=== WORK INSTRUCTION ===
Having located the line with "Jesse Owens on the Wheaties box.", print it and each remaining line exactly, stopping at the end of the material and omitting pictures.

=== THE DATA ===

=== Section Start ===

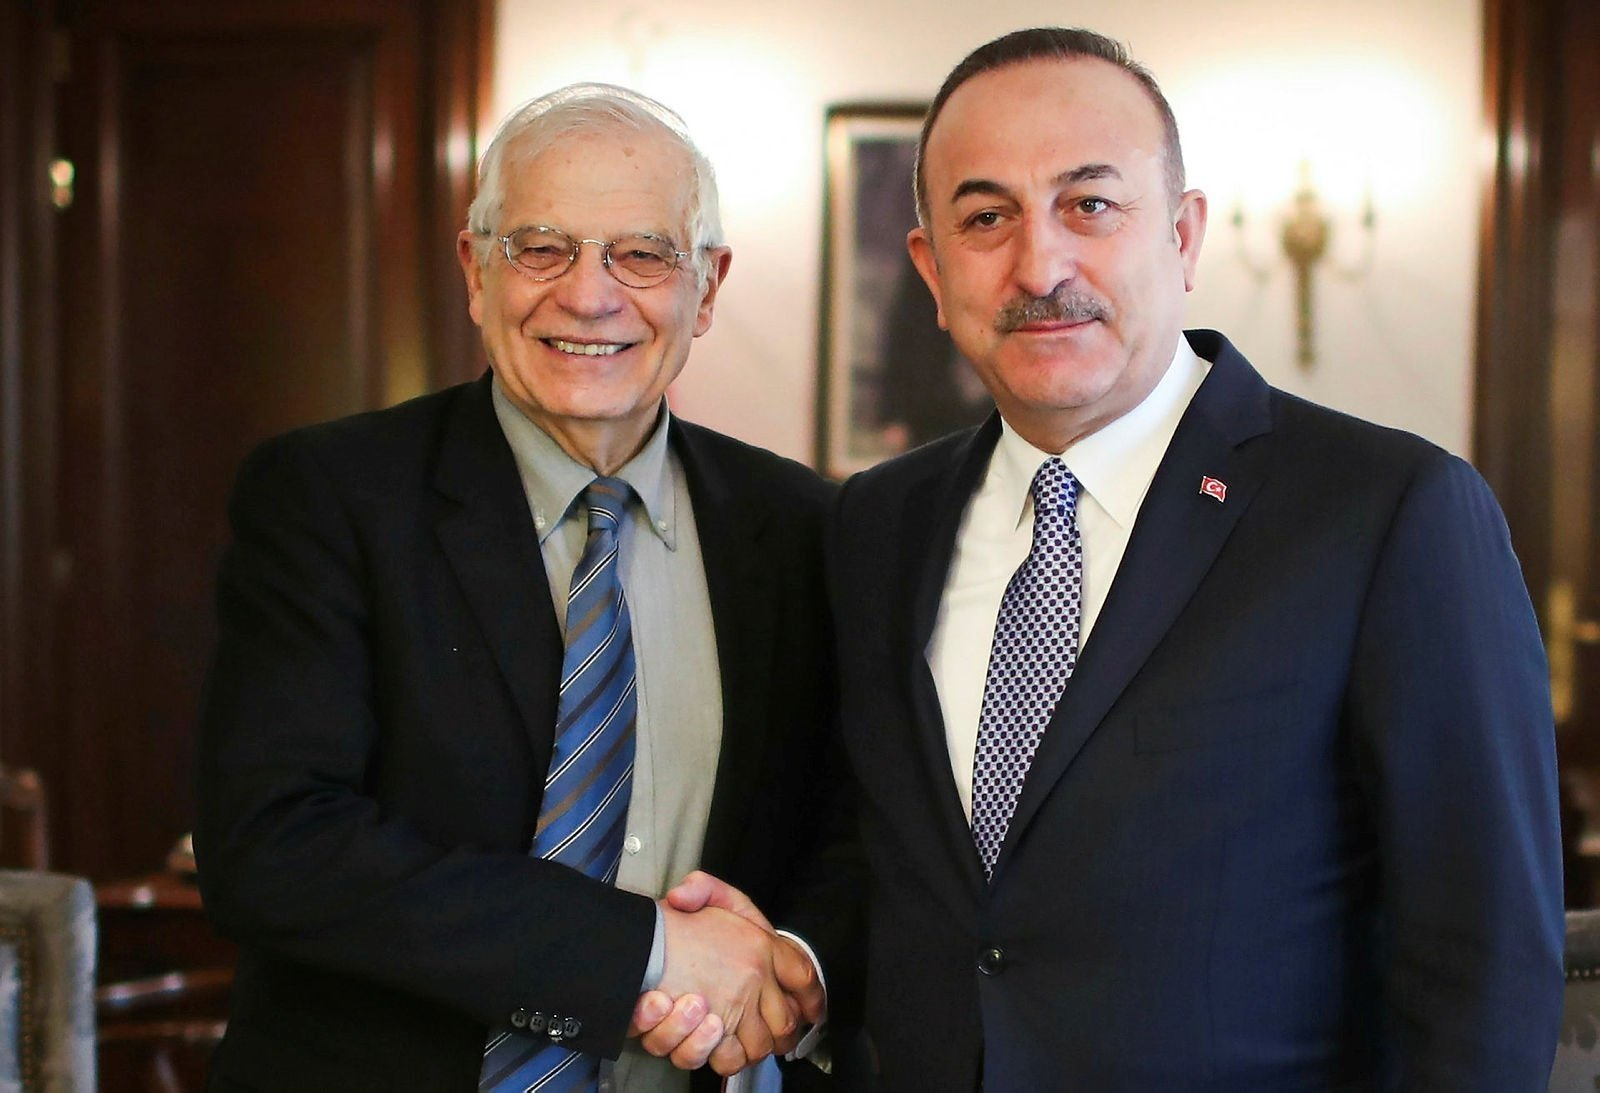 European Union Minister for Foreign Affairs Josep Borrell (L) and Turkey's Foreign Minister Mevlüt Çavuşoğlu shake hands in an undated photo. (AA Photo)
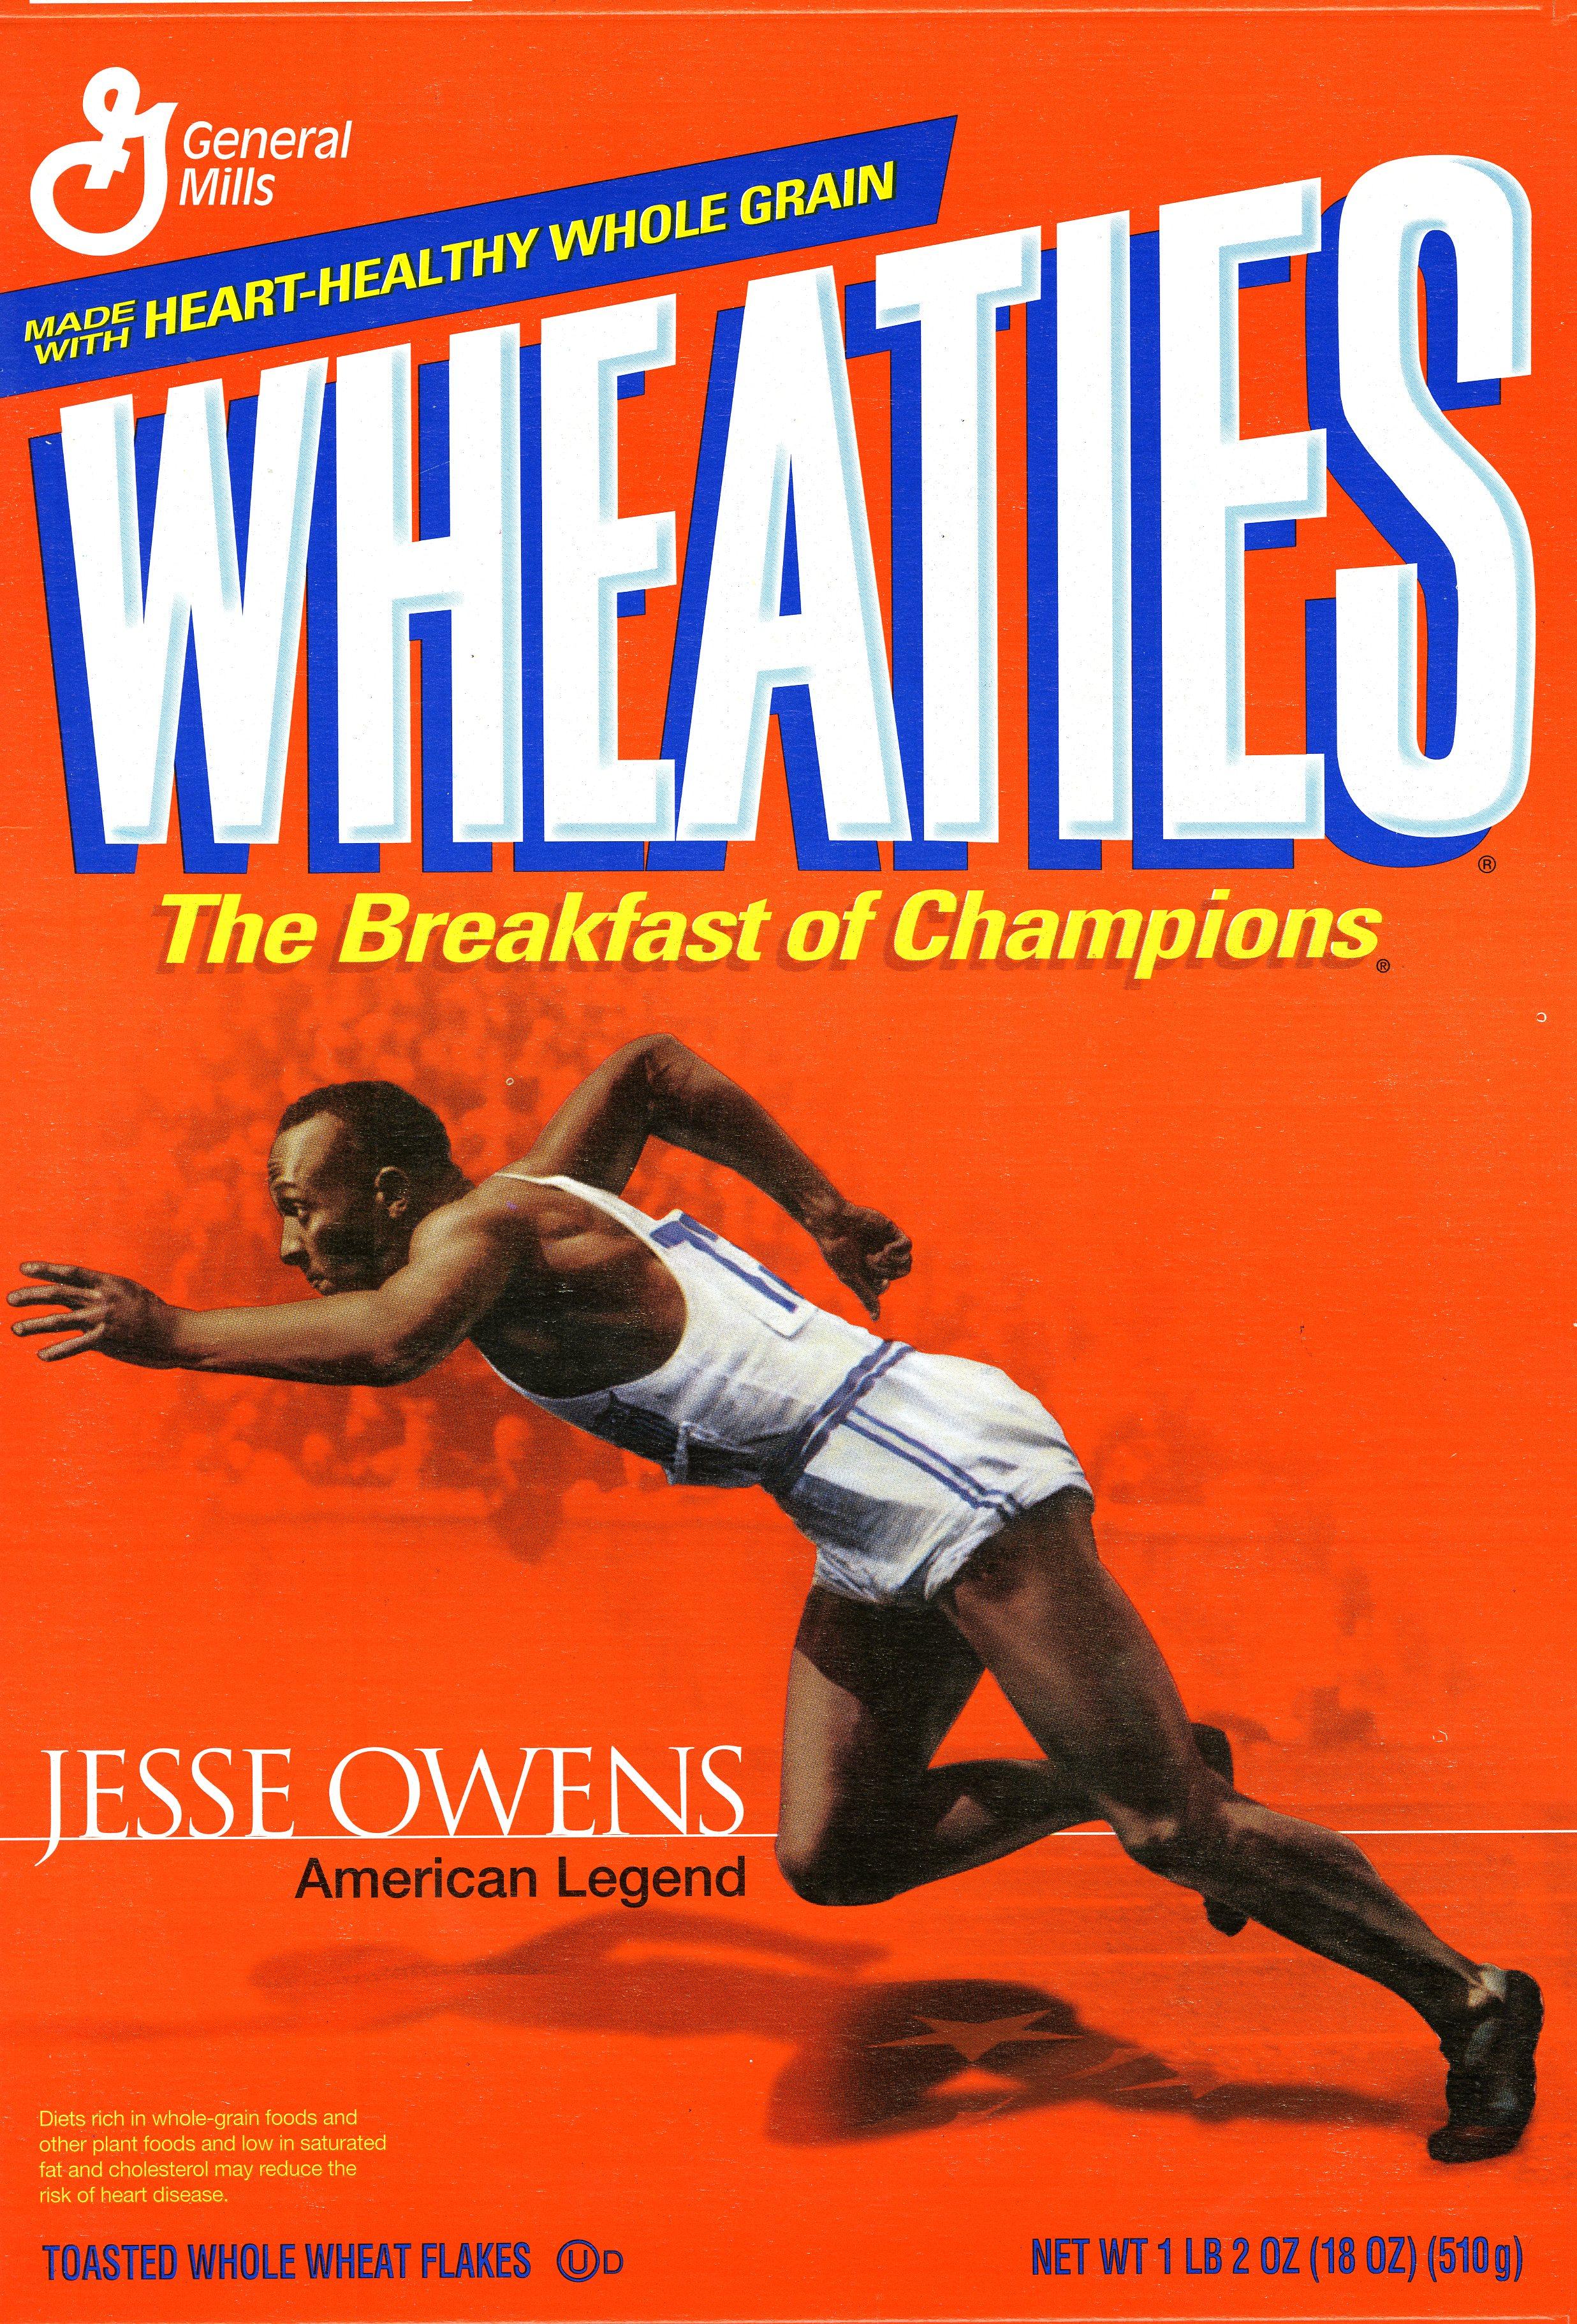 Jesse Owens on the Wheaties box.
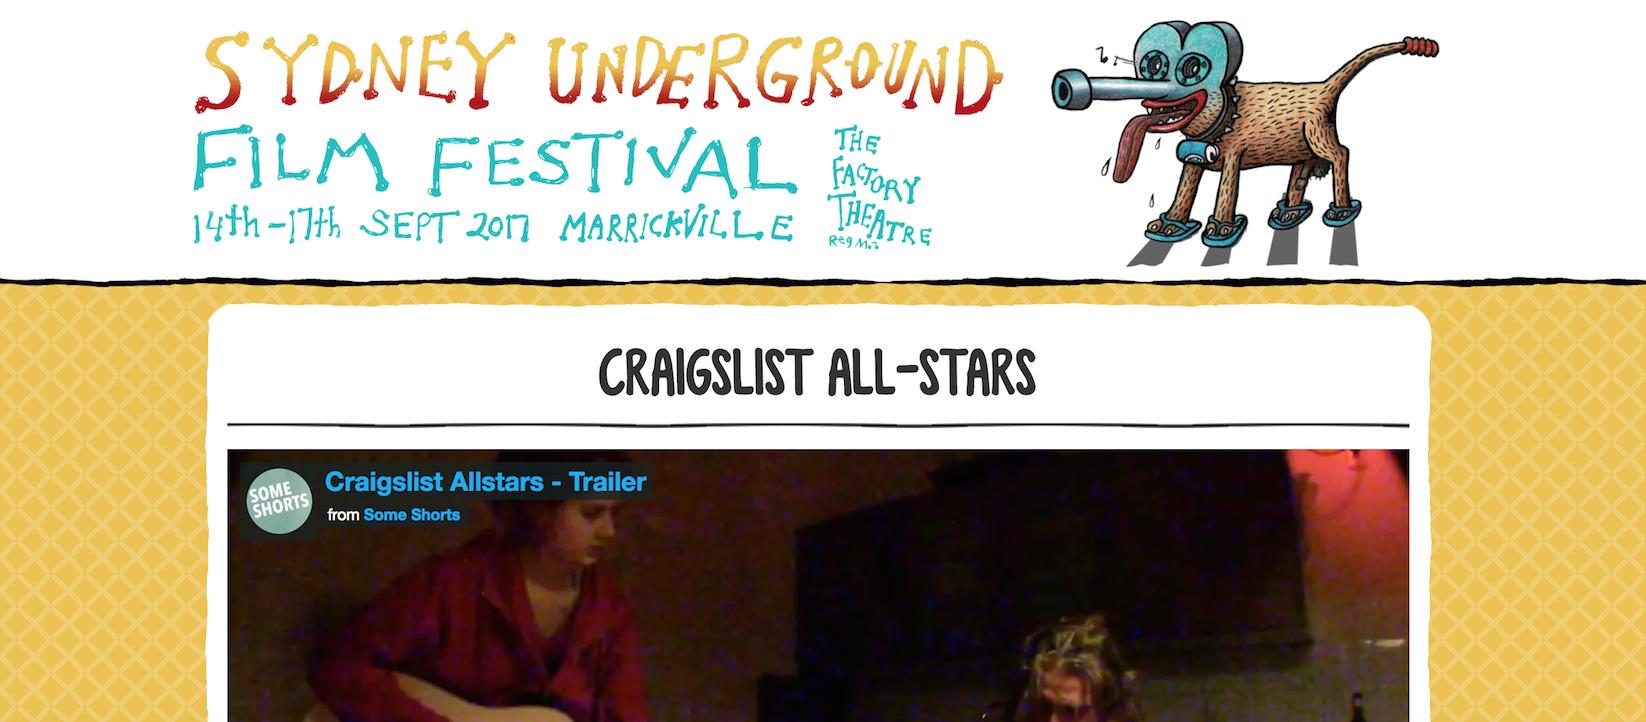 Craigslist Allstars at the Sydney Underground Film Festival 16th of September
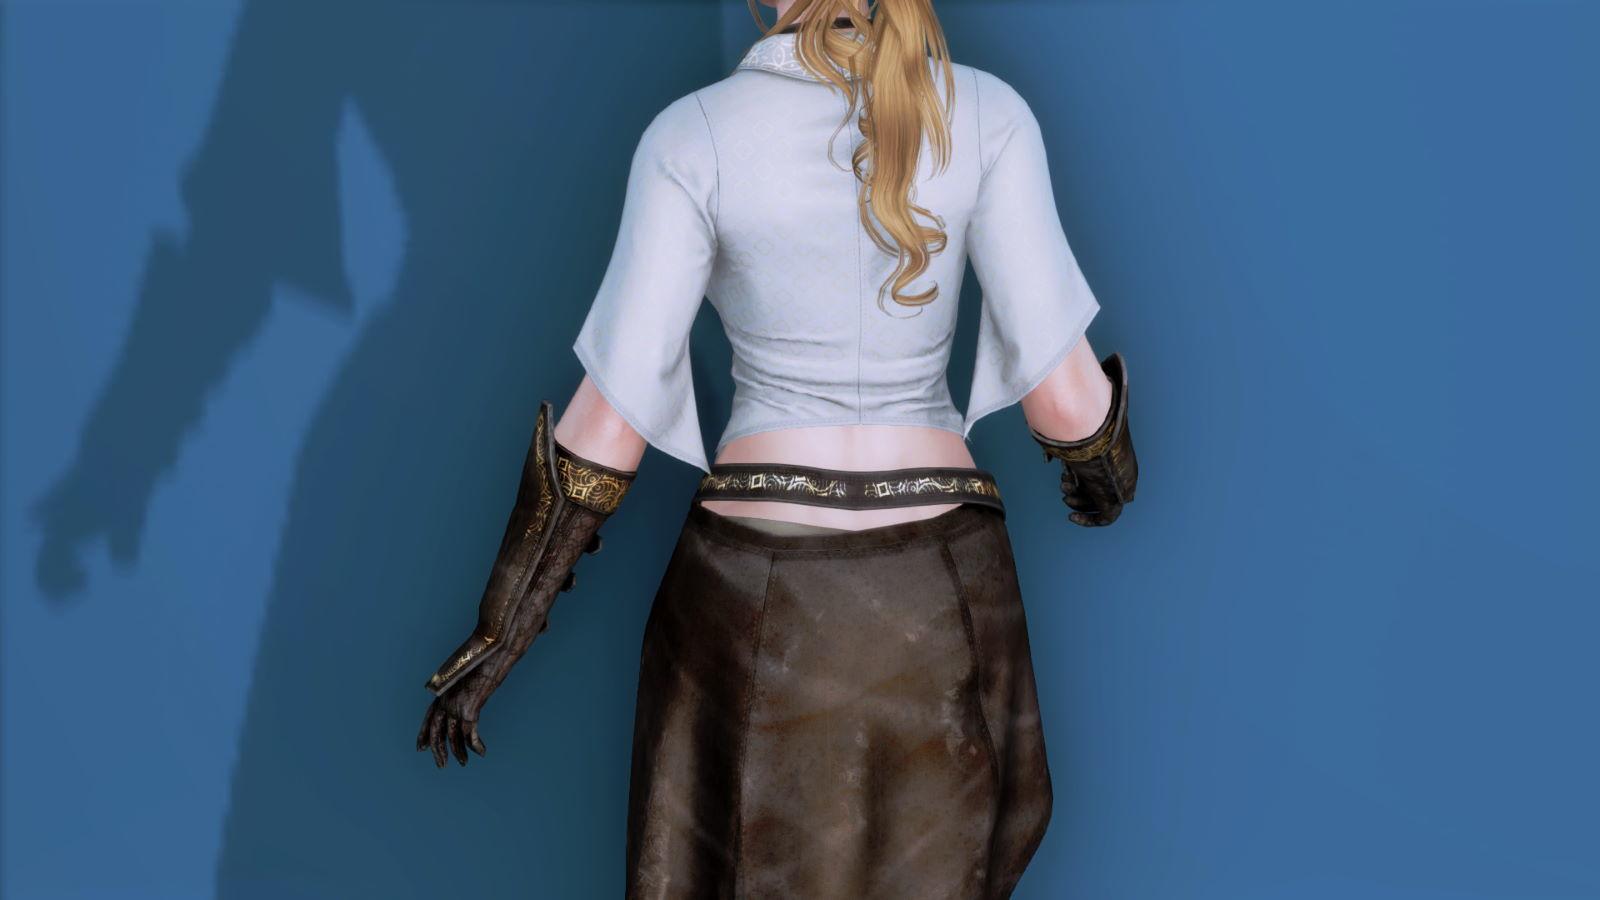 RuggedRogueSSE 113-1 Pose Up-Ba-F Blouse Skirt 1

=== Section End ===

=== SOLUTION TO THIS TASK ===
 Jesse Owens on the Wheaties box.
 Craigslist Allstars at the Sydney Underground Film Festival 16th of September
 RuggedRogueSSE 113-1 Pose Up-Ba-F Blouse Skirt 1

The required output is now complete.